Setting the default operator onthe QueryParser to be "OR" or "AND" really just tells the QueryParser whether you want the default property of the sub-queries to be "optional" or "required" in the absense of other information.

when specifying a query like: +(fruits vegetables) AND (-tomatoes -bananas)
...this is really just a varient expression of: +(fruits vegetables) +(-tomatoes -bananas)
...which is not a valid query becuse the second clause doesn't match anything

when specifing a query like: fruits OR -tomatoes
...this is really just a varient expression of: fruits -tomatoes
...which (since there is only one "optional" clause and no "required" clauses) will only match documents containing the word "fruits" as long as they do not match the word "tomatoes"

in short ... things are behaving as expected.
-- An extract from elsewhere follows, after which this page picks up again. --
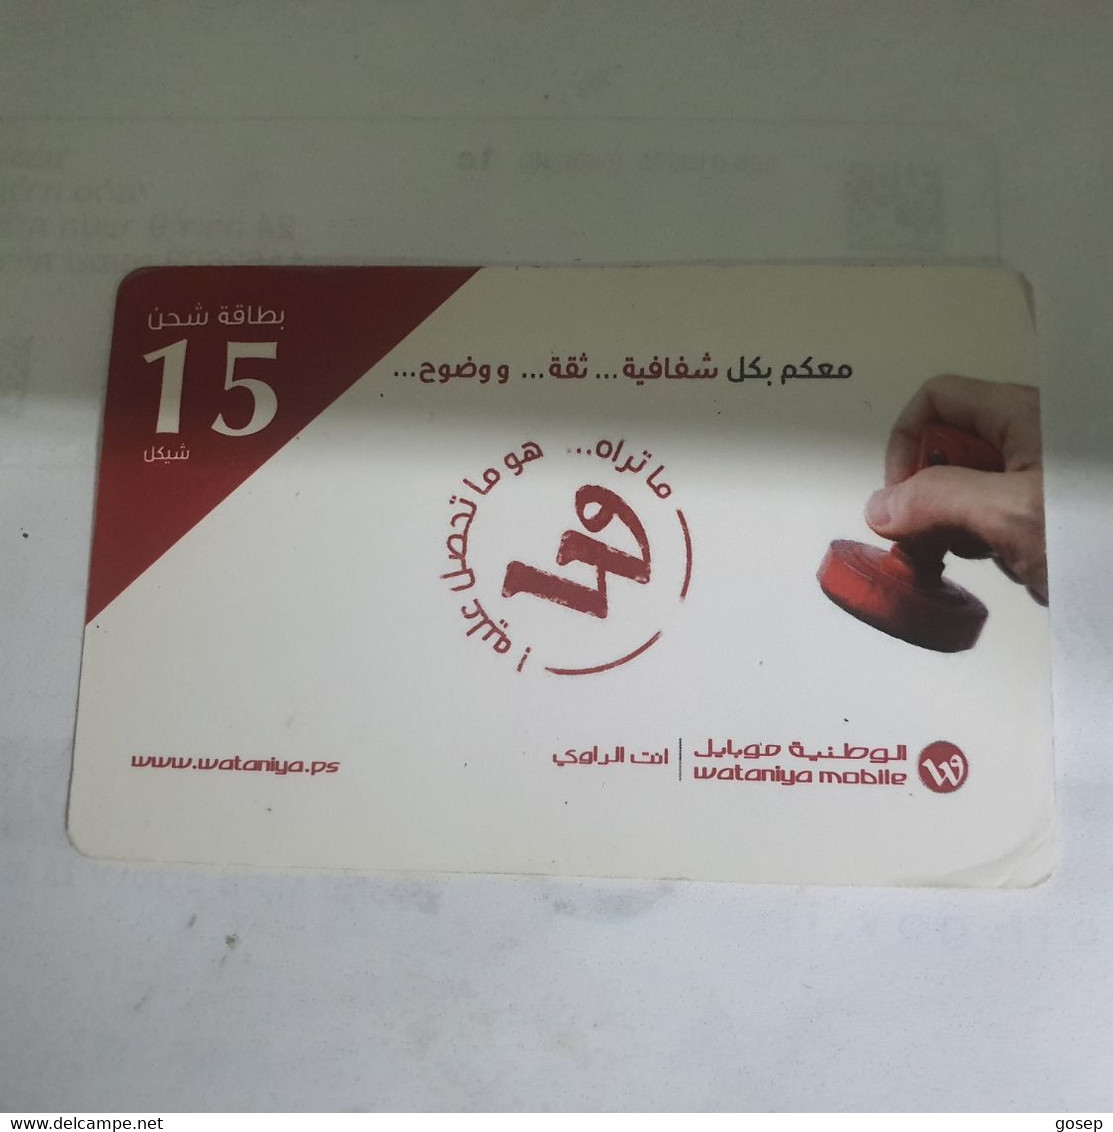 PALESTINE-(PS-WAT-REF-0005C)-Mobile 15-(380)-(9811-2831-5205-3725)-(1/5/2016)used Card+1prepiad Free - Palestina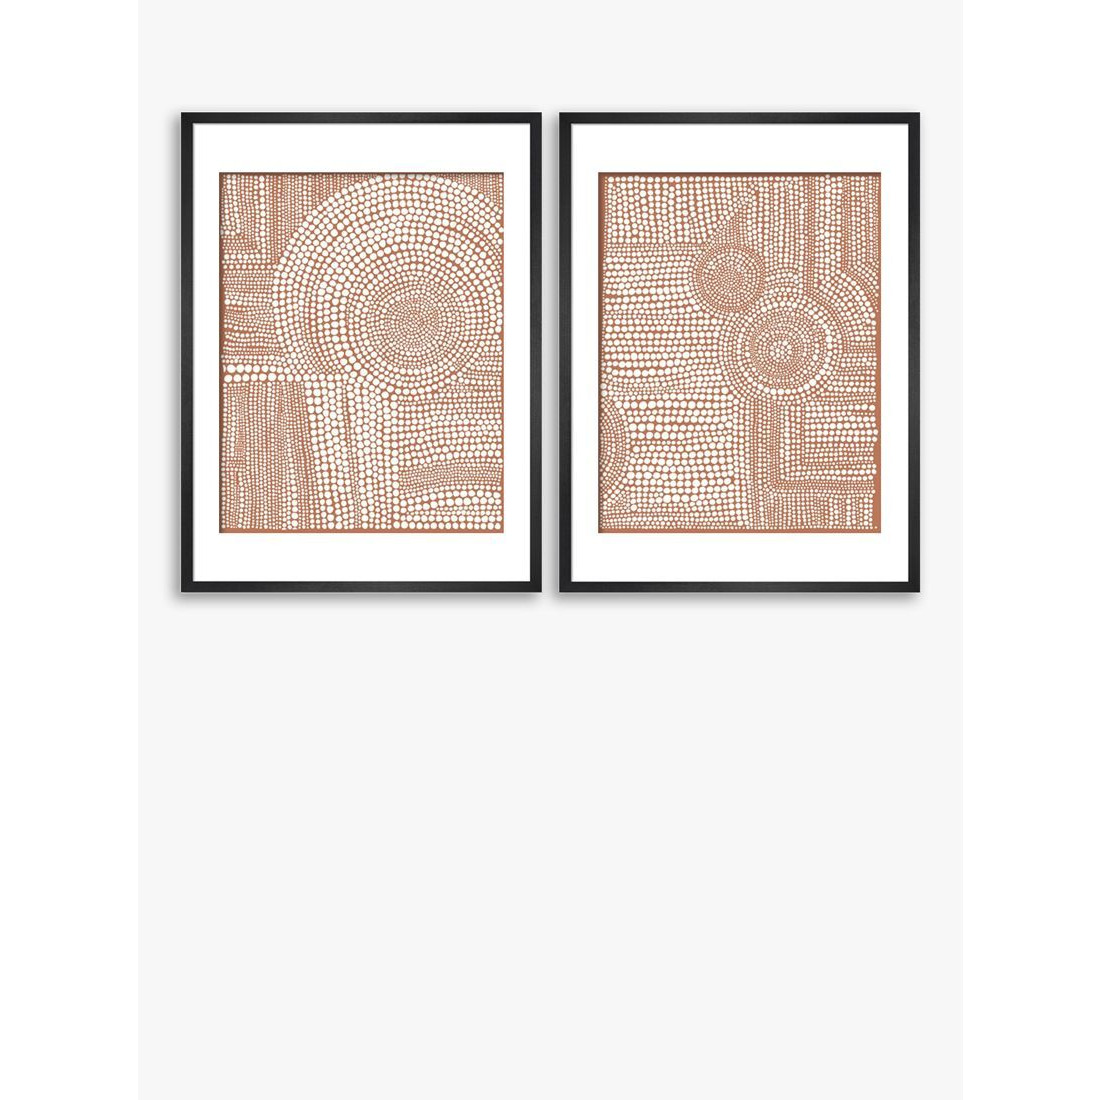 John Lewis Natasha Marie 'Clustered Dots' Abstract Framed Print, Set of 2, 50 x 40cm - image 1

The only question is wether documentation might be improved to make the behavior more clear to people.

as for the (now very old) patches to this bug ... they don't acctually seem to be related at all as far as i can tell.


Dejan Nenov added a comment - 31/Aug/06 02:07 AM
This makes sense. Iconcur that docs can be better - maybe we shoud lopen a separate JIRA issue on that?

I propose this to be closed as "will not fix".